This page is part of the web mail archives of SRFI 50 from before July 7th, 2015. The new archives for SRFI 50 contain all messages, not just those from before July 7th, 2015.




    > From: Alex Shinn <foof@xxxxxxxxxxxxx>

    > >     > ???  Balanced trees are still trees, and if the tree is exp(n) long
    > >     > there are still O(n) links to follow from the root to a leaf.  Can
    > >     > you explain what you mean?

    > > I mean that you should (maybe, don't know enough about your apps and
    > > environment) use splay trees so that string algorithms displaying a
    > > reasonable degree of locality will be able to locate indexes in
    > > expected-case O(1).

    > OK, in my reply on c.l.s. I had incorrectly assumed you meant keeping
    > some sort of reference to that last index in the tree, I should have
    > asked for clarification.

    > However, in either case you still have two problems:

    >   1) Both are very different from unconditional O(1) access.

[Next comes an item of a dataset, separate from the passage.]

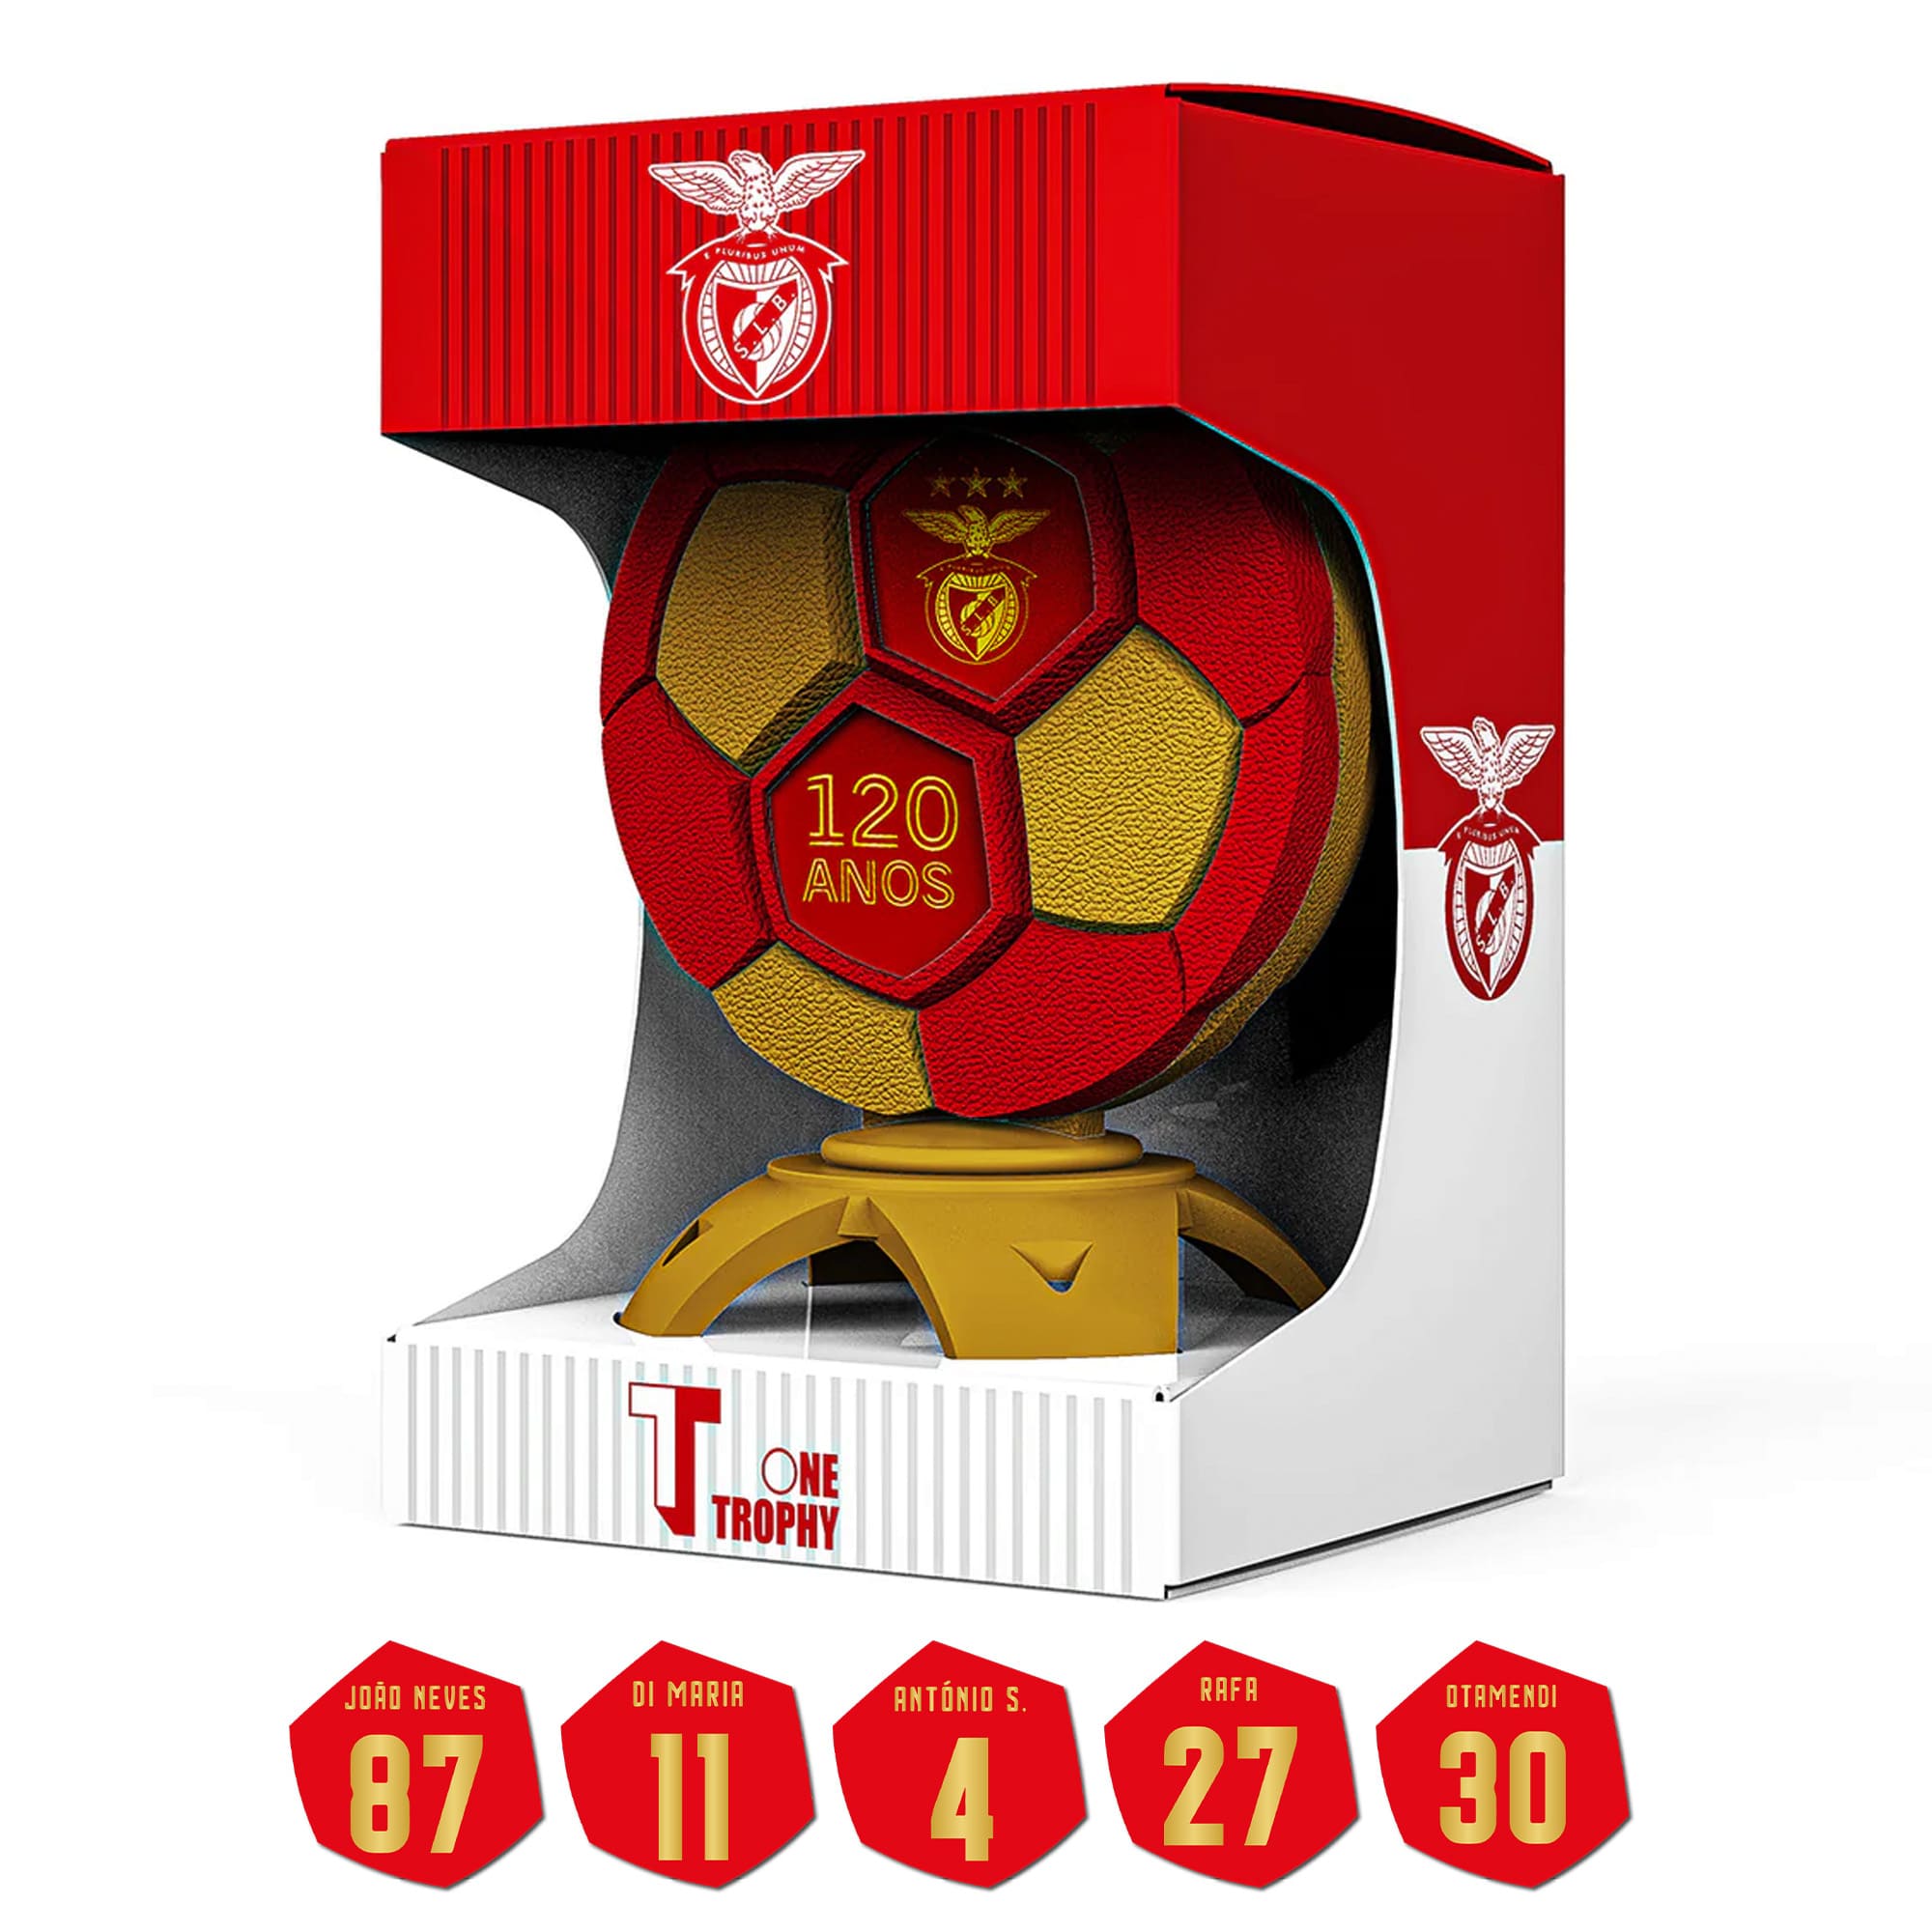 OneTrophy X SL Benfica - 120 Anos - Pochette de noms de joueurs offerte

The language I recommend for R6RS says "expected case O(1)", not
unconditional.

It's not a requirement, just guidance -- so it doesn't prevent any
implementation from conforming.

It's the vague "expected case" -- so there's pretty wide liberty for
claiming you followed the guidance.

One kind of implementation it specifically discourages:
implementations that use nothing but (simplistically coded) UTF-8
internally and expect to be used for string-intensive processing on
anything other than short strings.

Another kind of implementation it specifically discourages is the same
as that but s/UTF-8/a shift encoding/.

If you want to use UTF-8 or a shift encoding or, really, any variable
length encoding internally: the guidance is just to encourage you to
either say "this implementation isn't expected to be winning for
string-intensive programs" or represent your strings cleverly to
overcome the shortcomings of those encodings.

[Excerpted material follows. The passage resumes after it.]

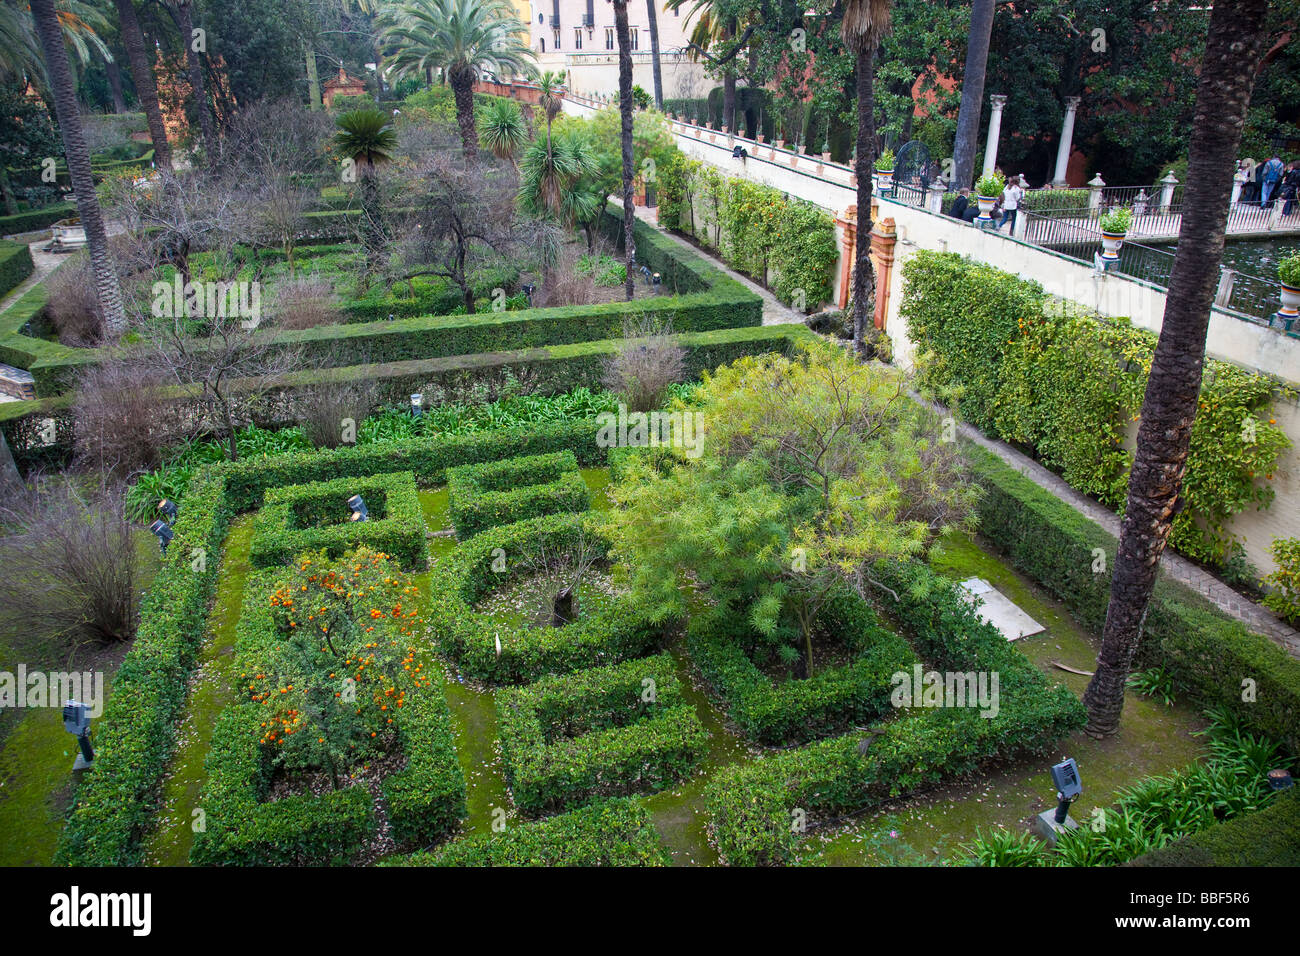 Jardin d'El Estanque dans l'Alcazar de Séville Espagne Banque D'Images

    >   2) Both effectively prevent shared strings as subtrees.

I'm aware of two kinds of shared substring you might want.

One is a "copy-on-write" shared substring -- the kind of substring
that SUBSTRING could return.  I'm not sure what generalizations of
this can be formed, but you could certainly represent COW-shared
substrings as subtrees in splay-tree implementations.   I've done so
in the past.

The other kind of shared substring would be a "mutation sharing"
shared substring.  True: I don't see any natural "substring ==
subtree" implementation for those using splay-tree strings.  That
doesn't mean, though, that I don't think they can be implemented
reasonably -- just not by that technique.

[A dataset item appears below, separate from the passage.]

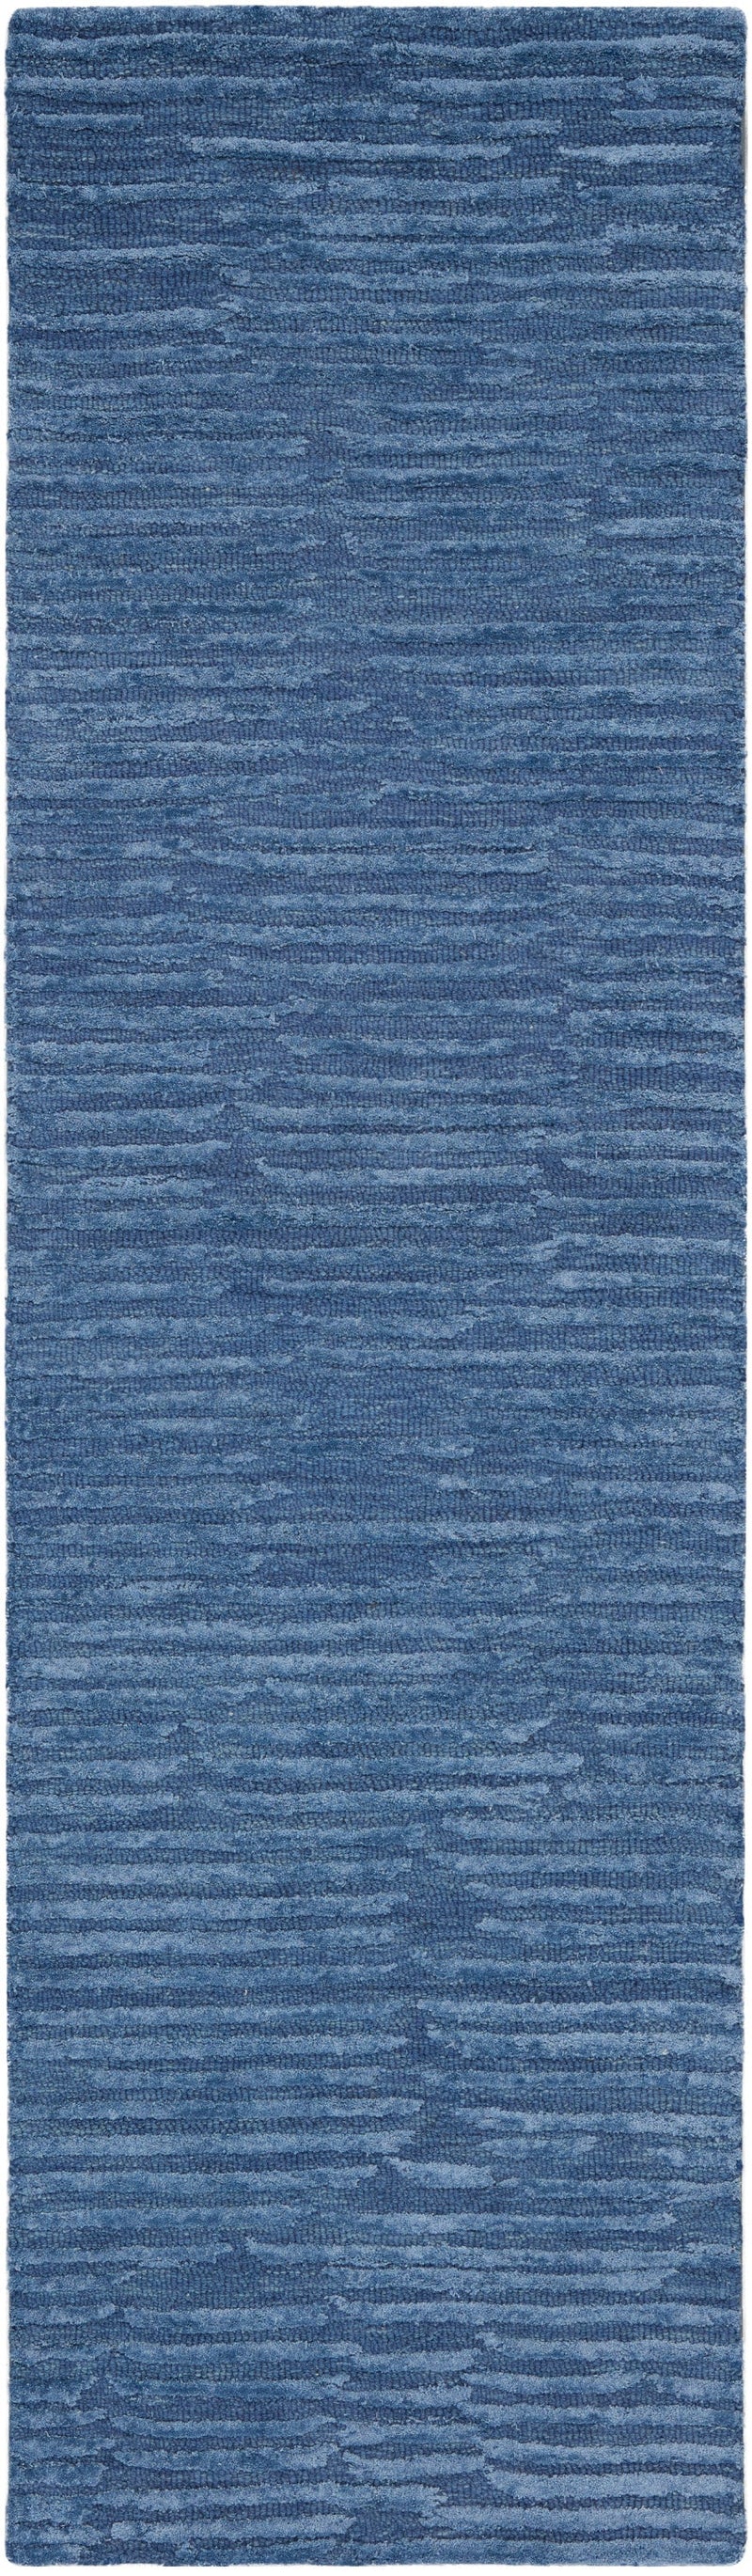 media image for ck010 linear handmade blue rug by nourison 99446880116 redo 2 279

    > > Of course if memory constraints and usage guarantee that your
    > > particular non-splay trees or guaranteed to be shallow -- that's just
    > > as good.

    > Probably not good enough if you want to work with strings the size Bear
    > is talking about.

Bear seems to be just throwing huge amounts of memory at the problem.
My impression is that the leaves of his tree are generally big -- the
trees, therefore, shallow.


    > The problem with recommending O(1) on STRING-REF/SET! is that it
    > encourages programming style that cannot be optimized in some string
    > implementations.  However, by the simple suggestion of Shiro's where you
    > use a string-pointer object you can achieve O(1) where you need it.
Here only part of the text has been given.